I am trying to write an awk script and before anything is done tell the user how many lines are in the file. I know how to do this in the END section but unable to do so in the BEGIN section. I have searched SE and Google but have only found a half dozen ways to do this in the END section or as part of a bash script, not how to do it before any processing has taken place at all. I was hoping for something like the following:
#!/usr/bin/awk -f
BEGIN{
print "There are a total of " **TOTAL LINES** " lines in this file.\n"
}
{
if($0==4587){print "Found record on line number "NR; exit 0;}
}
But have been unable to determine how to do this, if it is even possible. Thanks.
You can read the file twice:
awk 'NR!=1 && FNR==1 {print NR-1} <some more code here>' file{,}
In your example:
awk 'NR!=1 && FNR==1 {print "There are a total of "NR-1" lines in this file.\n"} $0==4587 {print "Found record on line number "NR; exit 0;}' file{,}
You can use file file instead of file{,} (it just makes it show up twice)
NR!=1 && FNR==1 this will be true only at first line of second file.
To use an awk script containing:
#!/usr/bin/awk -f
NR!=1 && FNR==1 {
print "There are a total of "NR-1" lines in this file.\n"
}
$0==4587 {
print "Found record on line number "NR; exit 0
}
call:
awk -f myscript file{,}
To do this robustly and for multiple files you need something like:
$ cat tst.awk
BEGINFILE {
numLines = 0
while ( (getline line < FILENAME) > 0 ) {
numLines++
}
print "----\nThere are a total of", numLines, "lines in", FILENAME
}
$0==4587 { print "Found record on line number", FNR, "of", FILENAME; nextfile }
$
$ cat file1
a
4587
c
$
$ cat file2
$
$ cat file3
d
e
f
4587
$
$ awk -f tst.awk file1 file2 file3
----
There are a total of 3 lines in file1
Found record on line number 2 of file1
----
There are a total of 0 lines in file2
----
There are a total of 4 lines in file3
Found record on line number 4 of file3
The above uses GNU awk for BEGINFILE. Any other solution is difficult to implement such that it will handle empty files (you need an array to track files being parsed and print info the the FNR==1 and END sections after the empty file has been skipped).
Using getline has caveats and should not be used lightly, see http://awk.info/?tip/getline, but this is one of the appropriate and robust uses of it. You can also test for non-readable files in BEGINFILE by testing ERRNO and skipping the file (see the gawk manual) - that situation will cause other scripts to abort.
BEGIN {
s="cat your_file.txt|wc -l";
s | getline file_size;
close(s);
print file_size
}
This will put the size of the file named your_file.txt into the awk variable file_size and print it out.

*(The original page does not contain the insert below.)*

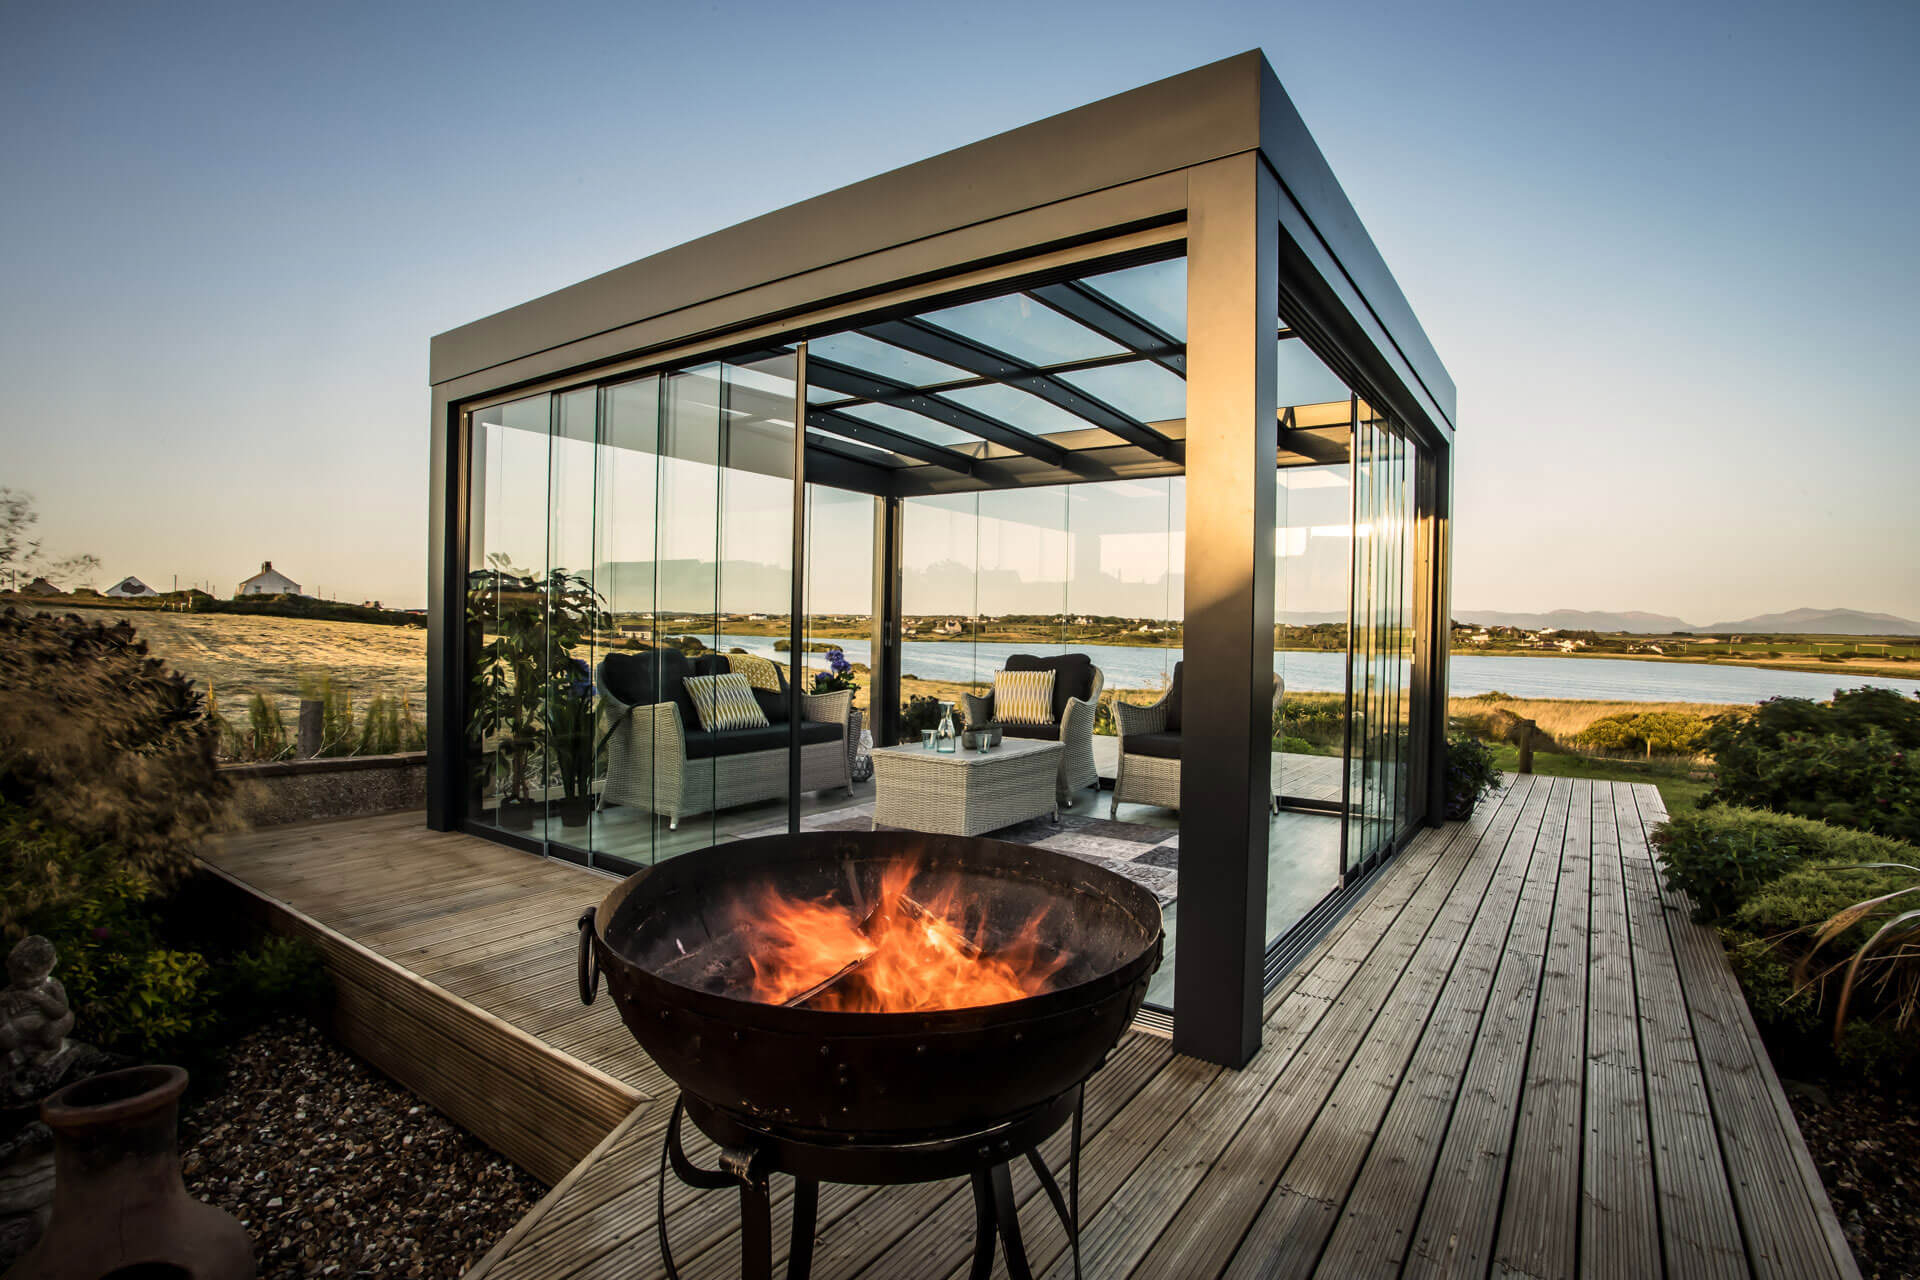 Solarlux Glass Canopy SDL Acubis

If your file name is dynamic you can pass the filename on the commandline and change the script to use the variable.
E.g. my.awk
BEGIN {
s="cat "VAR"|wc -l";
s | getline file_size;
close(s);
print file_size
}
Then you can call it like this:
awk -v VAR="your_file.txt" -f my.awk
If you use GNU awk and need a robust, generic solution that accommodates multiple, possibly empty input files, use Ed Morton's solution.
This answer uses portable (POSIX-compliant) code. Within the constraints noted, it is robust, but Ed's GNU awk solution is both simpler and more robust.
Tip of the hat to Ed Morton for his help.
With a single input file, it is simpler to handle line counting with a shell command in the BEGIN block, which has the following advantages:
on invocation, the filename doesn't have to be specified twice, unlike in the accepted answer
Also note that the accepted answer doesn't work as intended (as of this writing); the correct form is (see the comments on the answer for an explanation):
awk 'NR==FNR {next} FNR==1 {print NR-1} $0==4587 {print "Found record on line number "NR; exit 0}' file{,}
the solution also works with an empty input file.
In terms of performance, this approach is either only slightly slower than reading the file twice in awk, or even a little faster, depending on the awk implementation used:
awk '
BEGIN {
# Execute a shell command to count the lines and read
# result into an awk variable via <cmd> | getline <varname>.
# If the file cannot be read, abort. (The shell has already printed an error msg.)
cmd="wc -l < \"" ARGV[1] "\""; if ((cmd | getline count) < 1) exit 1; close(cmd)
printf "There are a total of %s lines in this file.\n\n", count
}
$0==4587 { print "Found record on line number " NR; exit 0 }
' file
Assumptions:
The filename is passed as the 1st operand (non-option argument) on the command line, accessed as ARGV[1].
The filename doesn't contain embedded " chars.
The following solutions deal with multiple files and make analogous assumptions:
All operands passed are filenames. That is, all arguments after the program must be filenames, and not variable assignments such as var=value.
No filename contains embedded " chars.
No processing is to take place if any of the input files do not exist or cannot be read.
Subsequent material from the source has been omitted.